When observing a probabilistic system, the observation is just a passive process with no impact on the system. This means that there is no difference to the end result, whether we observe during the process or not. We take a look at an example to further understand this.
We use a random 1-bit number example similar to the random 2-bit example from Chapter 2. We have a distribution \(d_{\text{1-bit}} = \begin{pmatrix} \frac{1}{2} \\ \frac{1}{2} \end{pmatrix}\) which represents the probability distribution of generating a 1-bit number with equal probability. We also have a process \(A_{\text{flip}} = \begin{pmatrix} \frac{2}{3} & \frac{1}{3} \\[2pt] \frac{1}{3} & \frac{2}{3} \end{pmatrix}\) which flips the bit with a probability of \(\frac{1}{3}\).
We look at two different cases: For the first case, we observe only the final distribution and for the second case we observe after the generation of the 1-bit number and we also observe the final distribution.
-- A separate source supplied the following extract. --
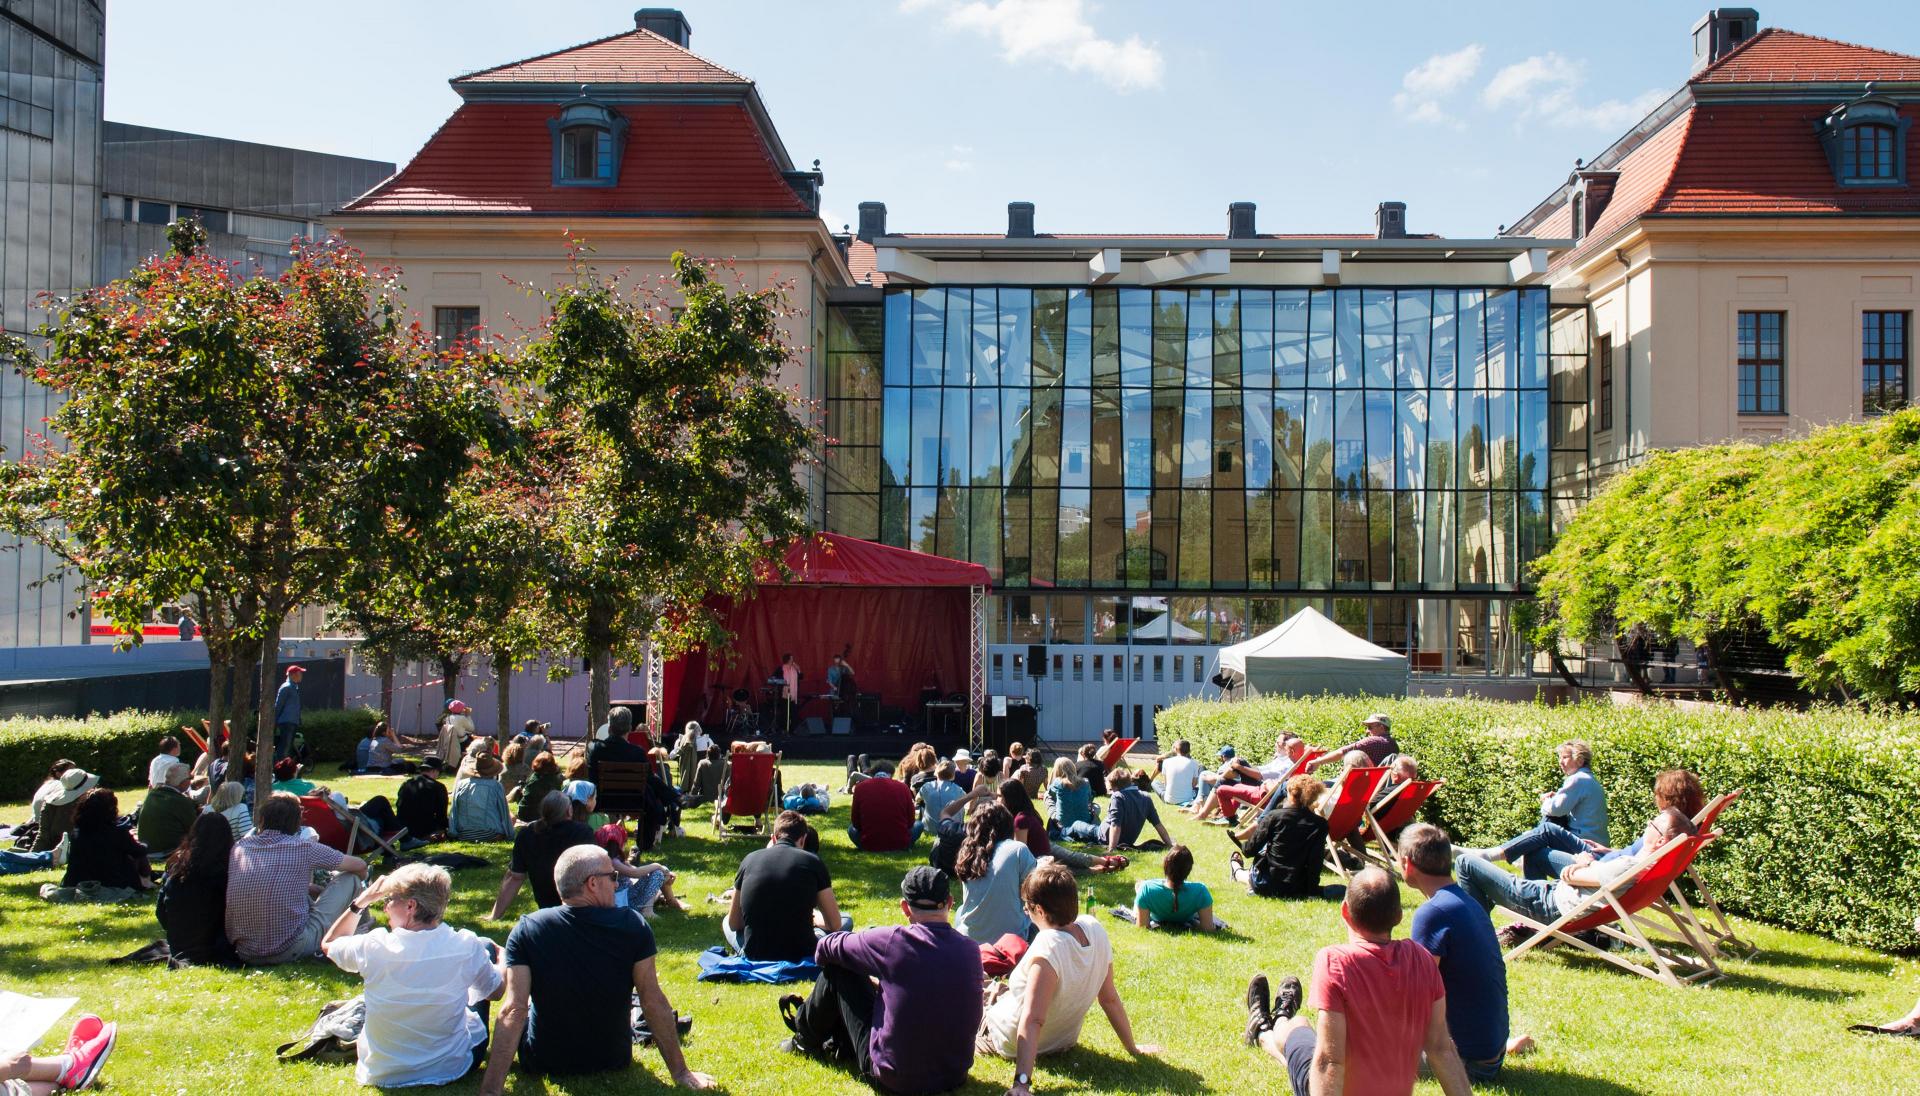 Foto vom Sommerfest im Garten des Museums. Besucher*innen sitzen in der Sonne auf dem Rasen und schauen in Richtung einer kleinen Bühne.

Observing the final distribution
From Section 2.3 we know that the final distribution \(d\) is \[
d = A_{\text{flip}} \cdot d_{\text{1-bit}} = \begin{pmatrix} \frac{2}{3} & \frac{1}{3} \\ \frac{1}{3} & \frac{2}{3} \end{pmatrix} \begin{pmatrix} \frac{1}{2} \\ \frac{1}{2} \end{pmatrix} = \begin{pmatrix} \frac{1}{2} \\ \frac{1}{2} \end{pmatrix}
\] We observe this distribution and will get outcome \(0\) and the new distribution \(d = e_0 = \begin{pmatrix} 1 \\ 0 \end{pmatrix}\) with a probability of \(\Pr[0] = d_0 = \frac{1}{2}\) and the outcome \(1\) and the new distribution \(d = e_1 = \begin{pmatrix} 0 \\ 1 \end{pmatrix}\) with a probability of \(\Pr[1] = d_1 = \frac{1}{2}\).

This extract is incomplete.